From: Tianyu Lan <Tianyu.Lan@microsoft.com>

The mem hot-remove msg may request non-aligned page number.
Hot plug unit is 128MB. Handle the remainder pages via
balloon way that allocate memory, offline pages and return
mem back to host. In order to help to check whether memory
range in mem hot add msg is allocated by balloon driver
or not, set page private to 1 when allocate page.
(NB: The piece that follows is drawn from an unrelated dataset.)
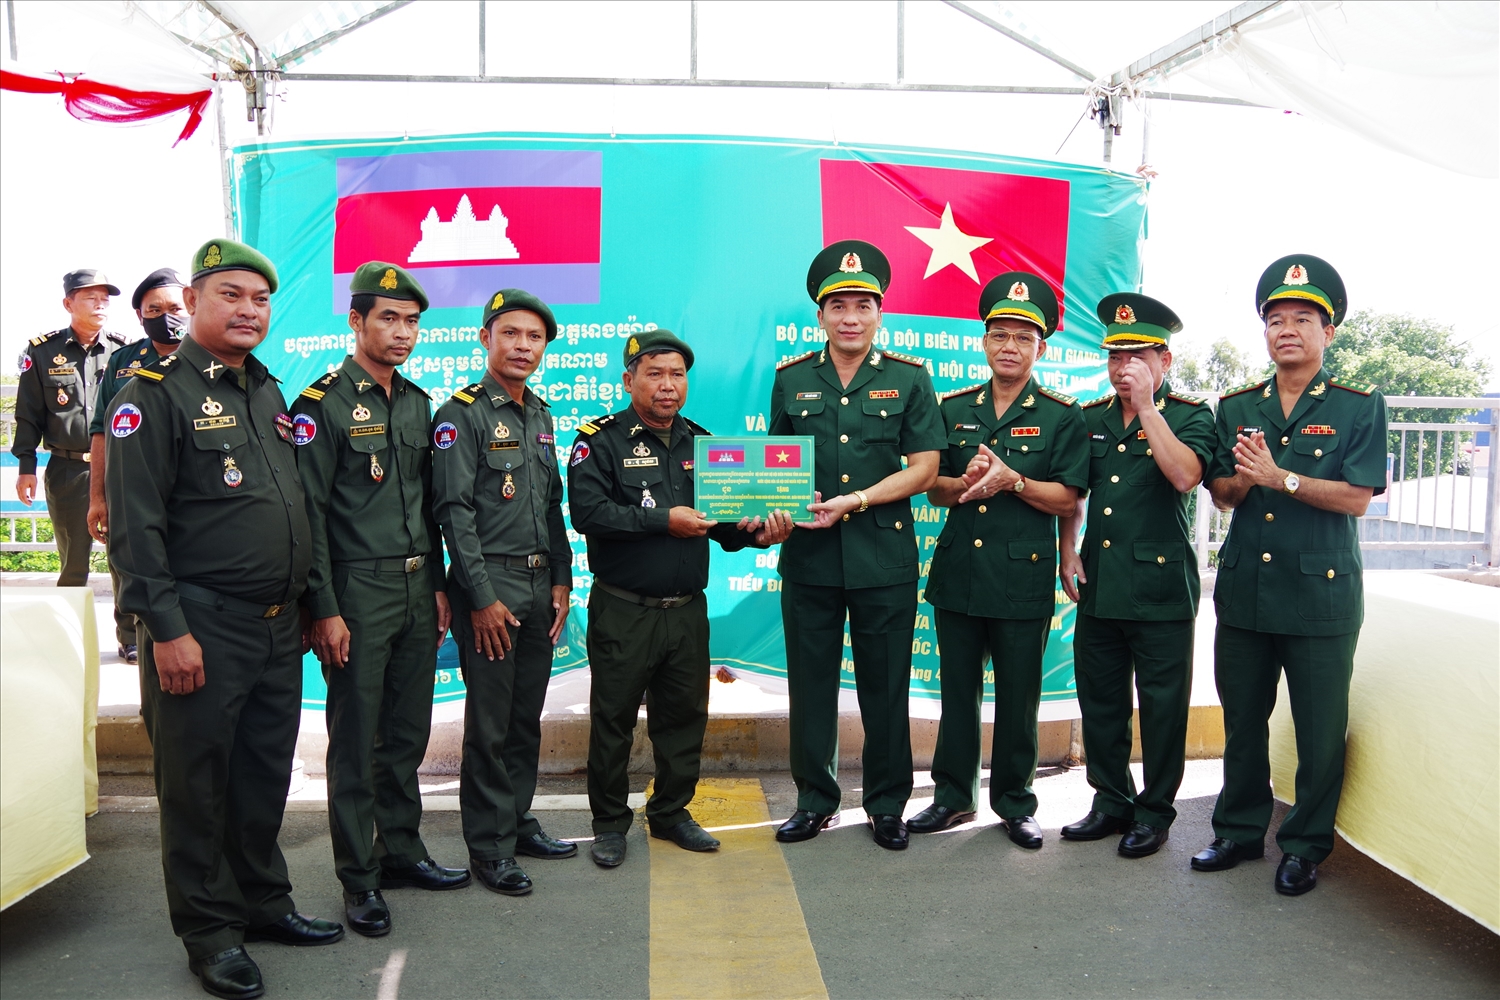 Đại tá Trần Quốc Khánh chỉ huy trưởng BĐBP tỉnh An Giang tặng quà cho lực lượng bảo vệ biên giới tỉnh Takeo, Campuchia.

If the
pages associated with mem range in hot add msg is present
and page private is non-zero, clear offline flag and free
mem to return back.

Signed-off-by: Tianyu Lan <Tianyu.Lan@microsoft.com>
---
 drivers/hv/hv_balloon.c | 149 +++++++++++++++++++++++++++++++++++++++++-------
 1 file changed, 129 insertions(+), 20 deletions(-)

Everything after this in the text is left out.